Scholar Linda Hess argues that this bridal mysticism gave women devotees a language for agency that was unavailable through orthodox channels. Hess emphasizes that Mirabai's claim to Krishna as her husband was not a metaphor that kept her in the home; it was a claim that justified her leaving it. If she was the bride of Krishna, then her earthly husband's family had no claim on her. Her true loyalty lay elsewhere.

Theologian Wendy Doniger notes that this kind of erotic devotion to a divine husband allowed medieval women to reclaim the body as a site of spiritual authority rather than merely a vessel of shame. But the pati theology also introduces a tension that Mirabai never quite resolves. If Krishna is truly her husband, where is he? The entire force of her poetry comes from his absence. This brings us to the second core teaching.

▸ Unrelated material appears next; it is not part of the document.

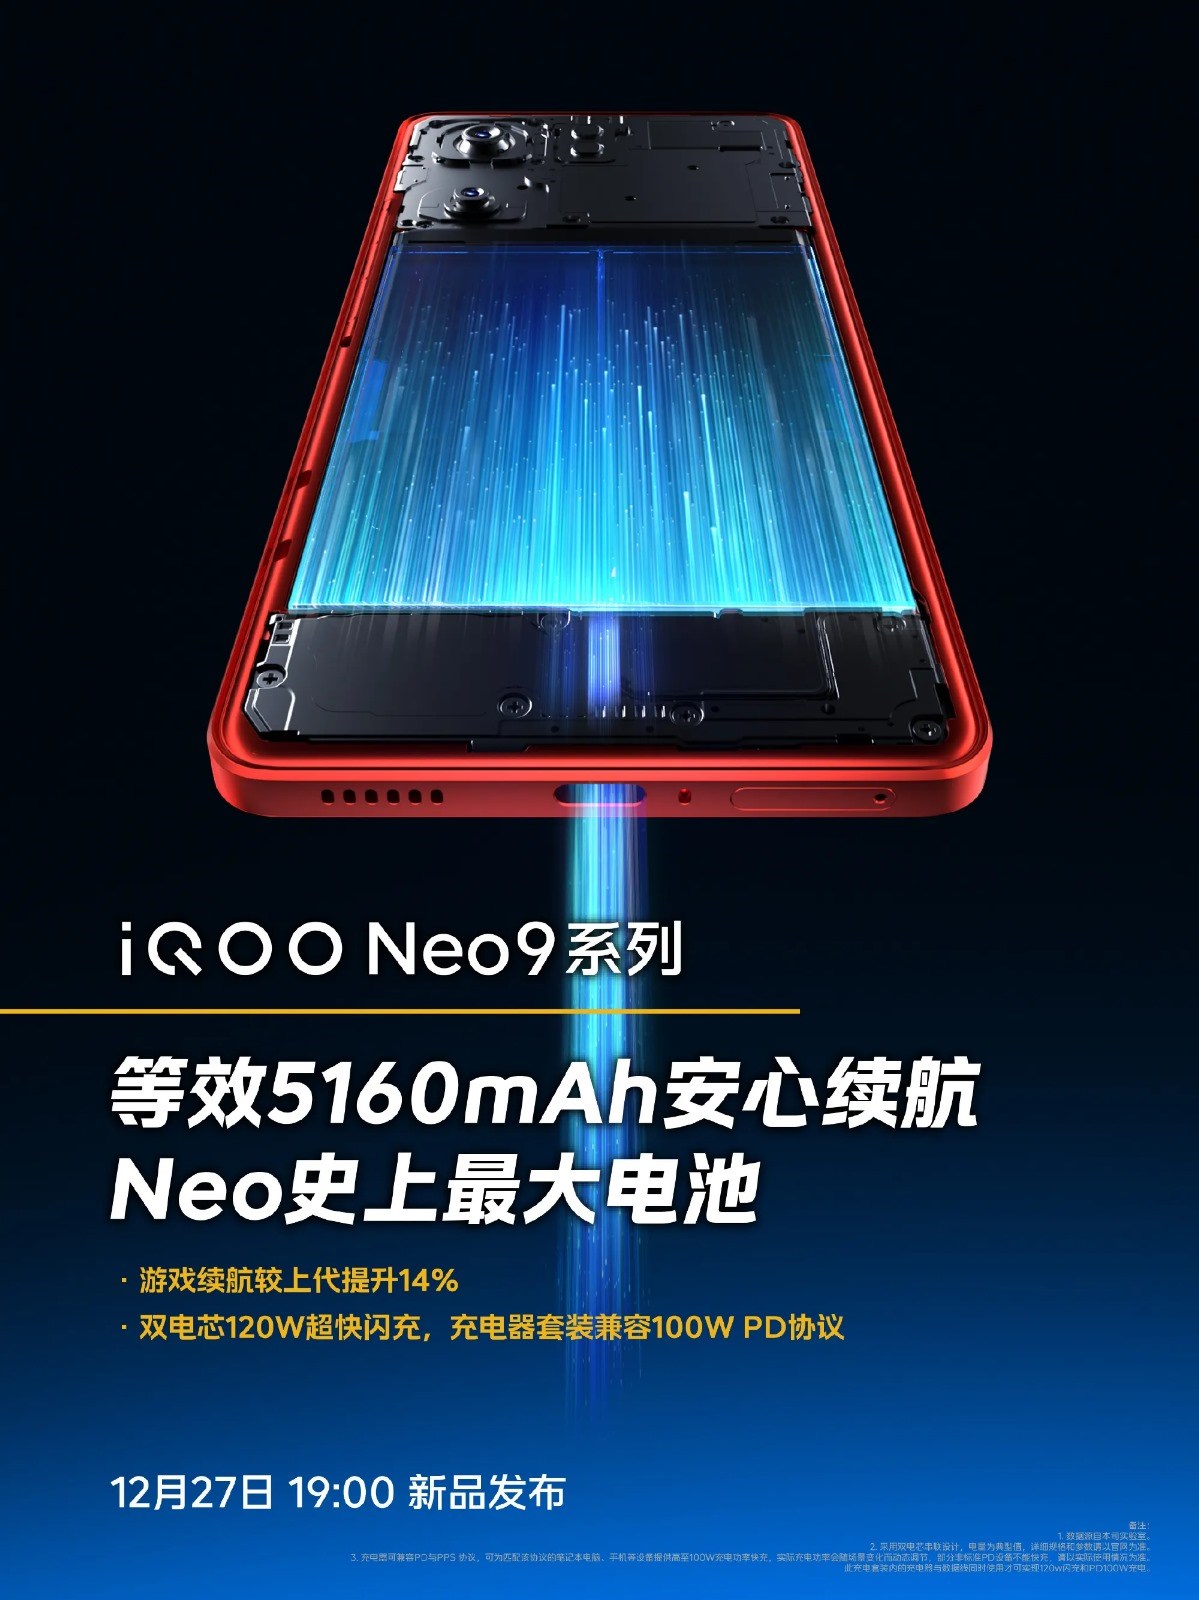 iQOO Neo 9 serisinin batarya özellikleri onaylandı

Viraha: Longing as Spiritual Principle

Viraha—longing in separation—is not incidental to Mirabai's spirituality. It is its very center. In some sense, she is less interested in union than in the exquisite pain of separation.

Main to apne Dwarika adhik pasand kari / Dvarika mein mat jao ghari ghari / Prem ki pir main na rav saki / Raat din ro ro bihaal ho gayi / Tum bin mera chit nahin lagat / Kya kha kya pree bhin bharam bhram dharun

I prefer my Dwarka in my heart, do not go there / In Dwarka I could not bear the pain of love / I wept day and night until I grew weak / Without you my mind finds no place / What can I eat, what can I wear, wandering in confusion without you.

The poem is deliberate in its refusal of consummation. She rejects actual pilgrimage to Dwarka—the physical shrine where Krishna is believed to dwell—because arrival would end longing. And longing is the point.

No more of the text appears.